2 DE JULHO
Sertanejos também são heróis da Bahia
Além de Salvador e Recôncavo, algumas cidades do Semiárido foram importantes na luta libertadora
Por Priscila Dórea

As conquistas comemoradas no dia 2 de julho na Bahia são o resultado da união da população baiana em batalhas contra os portugueses que, mesmo após o grito às margens do Ipiranga (SP) em 1822, que proclamou a Independência brasileira, insistiam em permanecer no território baiano.
Não é à toa que as comemorações do 2 de Julho são chamadas de Independência do Brasil na Bahia. Porém, ainda que se fale muito do papel de Salvador e Recôncavo, algumas cidades do Semiárido foram fundamentais para a vitória.
“As vilas do sertão baiano tiveram papéis relevantes no desfecho da Guerra de Independência. Uma delas foi a Vila Nova do Príncipe e Santana de Caetité [atual Caetité, no sudoeste baiano], que participou de ações de resistência e combates às tropas portuguesas em Salvador, desde os episódios de 1822 até desdobramentos nos anos seguintes. Contribuiu com relevantes valores para o Caixa Militar das tropas de resistência, além do envio de víveres, soldados e outros recursos”, explica o doutor em história, docente e pesquisador da Universidade do Estado da Bahia (Uneb), Zezito Rodrigues.
Embora não constituísse palco central nas guerras pela Independência da Bahia, a Vila de Caetité, afirma o docente, foi cenário de disputas e recebeu muitas famílias portuguesas que fugiam dos conflitos no Recôncavo. Caetité fica a mais de 600 km de Salvador e os conflitos entre portugueses e brasileiros desenrolados na então vila se acirraram de tal maneira, “que exigiu do novo imperador o envio de tropas de Minas Gerais para contê-los e restabelecer a ordem social”, aponta Zezito Rodrigues.
“Por isso, Caetité mantém as comemorações do 2 de Julho como importante evento de caráter regional, que traduz o triunfo de suas elites na adesão à causa da Independência. A força dessa memória reiteradamente manifesta, conecta-se às experiências históricas vivenciadas em solo sertanejo, com significados e representações particulares”, explica o historiador.
Com a participação de escolas municipais e estaduais, fanfarras, filarmônicas, forças armadas, vaqueiros, trabalhadores rurais com carros de boi, comunidades quilombolas e grupos de montaria, o desfile cívico de Caetité também traz carros com figuras históricas, a exemplo de Maria Quitéria e Joana Angélica, representadas por pessoas. As comemorações começam no dia 1º de julho, com a representação humana da Cabocla sendo levada até a Pedra do Conselho, uma espécie de marco na cidade, onde as famílias se despediam e aconselhavam os homens que partiam para as batalhas.

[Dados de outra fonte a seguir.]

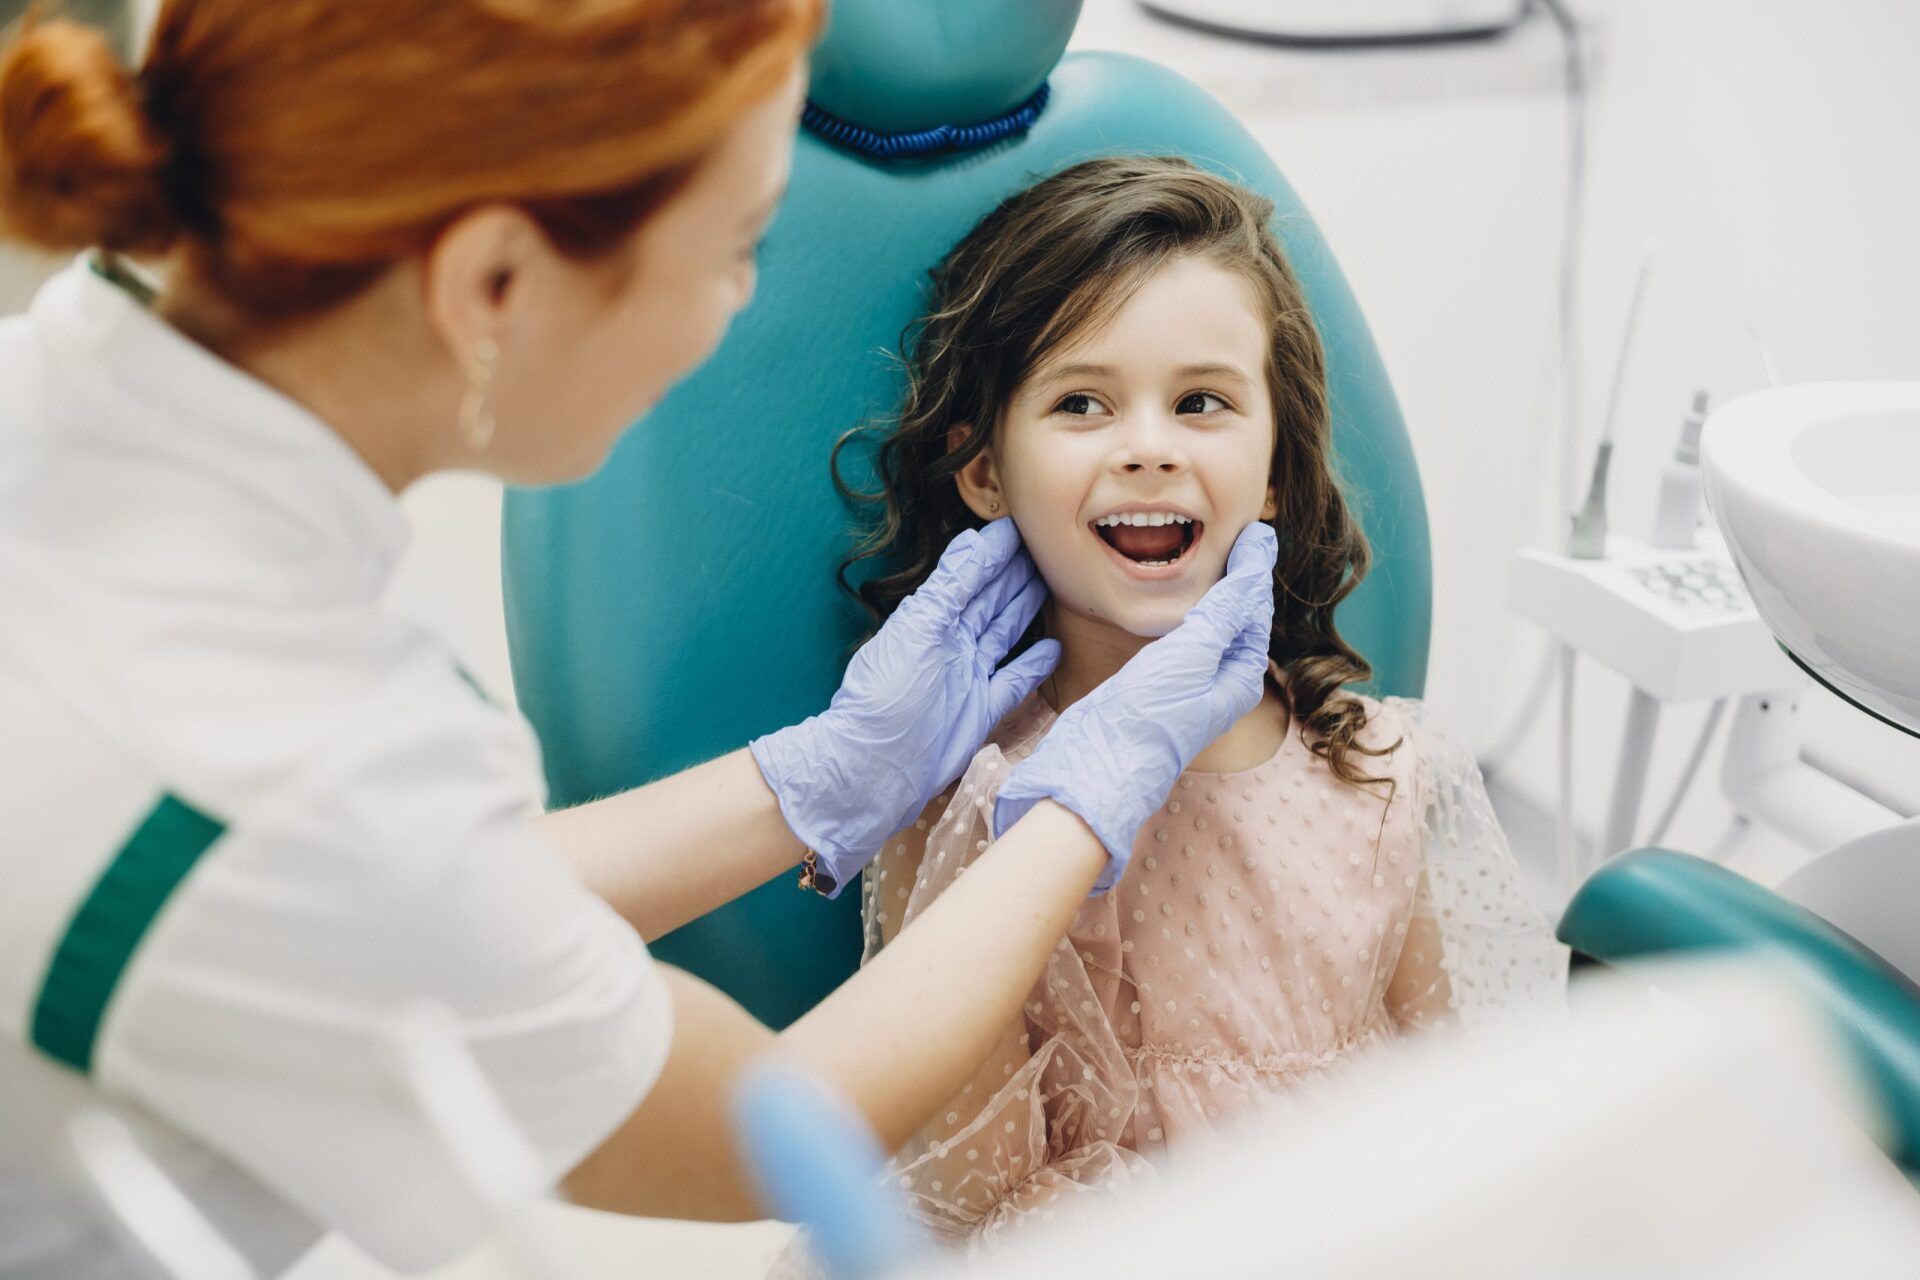 uma menina está sentada em uma cadeira odontológica enquanto um dentista examina seus dentes.

“No dia 2, temos o grandioso desfile, que chega a reunir mais de dez mil pessoas no trajeto. Além das figuras históricas, o evento também traz temáticas como combate ao racismo e questões quilombolas, o que torna o desfile uma verdadeira aula de história, mas também uma análise crítica de nossa sociedade”, explica o historiador e diretor de cultura do município de Caetité, Edmilson de Brito Gomes.
Vaqueiros
Um dos grupos que melhor representam o Semiárido nas lutas pela Independência são os Encourados, homens com trajes característicos da lida com o gado (gibão, guarda-peito, chapéu e perneira) representando os mais recônditos dos sertões, “que trouxeram no seu âmago a caracterização da força e da luta do povo sertanejo”, explica o fotógrafo, documentarista, historiador e associado do Instituto Geográfico e Histórico da Bahia (IGHB), Miguel Teles.
Nascido em Pedrão, município a 135 km de Salvador, no centro-norte baiano, Teles é membro da atual composição dos Encourados de Pedrão, grupo originalmente formado nas terras do Arraial do Santíssimo Coração de Jesus do Pedrão, no final de 1822, e que era composto por 39 trabalhadores rurais, na maioria vaqueiros, cujas vestes em couro lhes deram identidade.

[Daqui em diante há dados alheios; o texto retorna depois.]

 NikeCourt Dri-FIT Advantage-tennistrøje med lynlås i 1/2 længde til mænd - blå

Eles participaram das batalhas pela Independência em Salvador, sob a arregimentação e comando, afirmam anais historiográficos oficiais, do frei pernambucano José Maria do Sacramento Brayner.
Em Pedrão, no entanto, não há desfile no dia 2, mas, sim, no dia 12 de julho, em comemoração ao aniversário da cidade. “Nesse dia há uma mini maratona, hasteamento das bandeiras e o desfile com escolas, fanfarras, militares e os Encourados. Nós ficamos muito felizes por Pedrão fazer parte da história da Independência da Bahia, e todo o envolvimento dos Encourados nessa luta”, alegra-se o coordenador de cultura do município de Pedrão, Samuel Rodrigues.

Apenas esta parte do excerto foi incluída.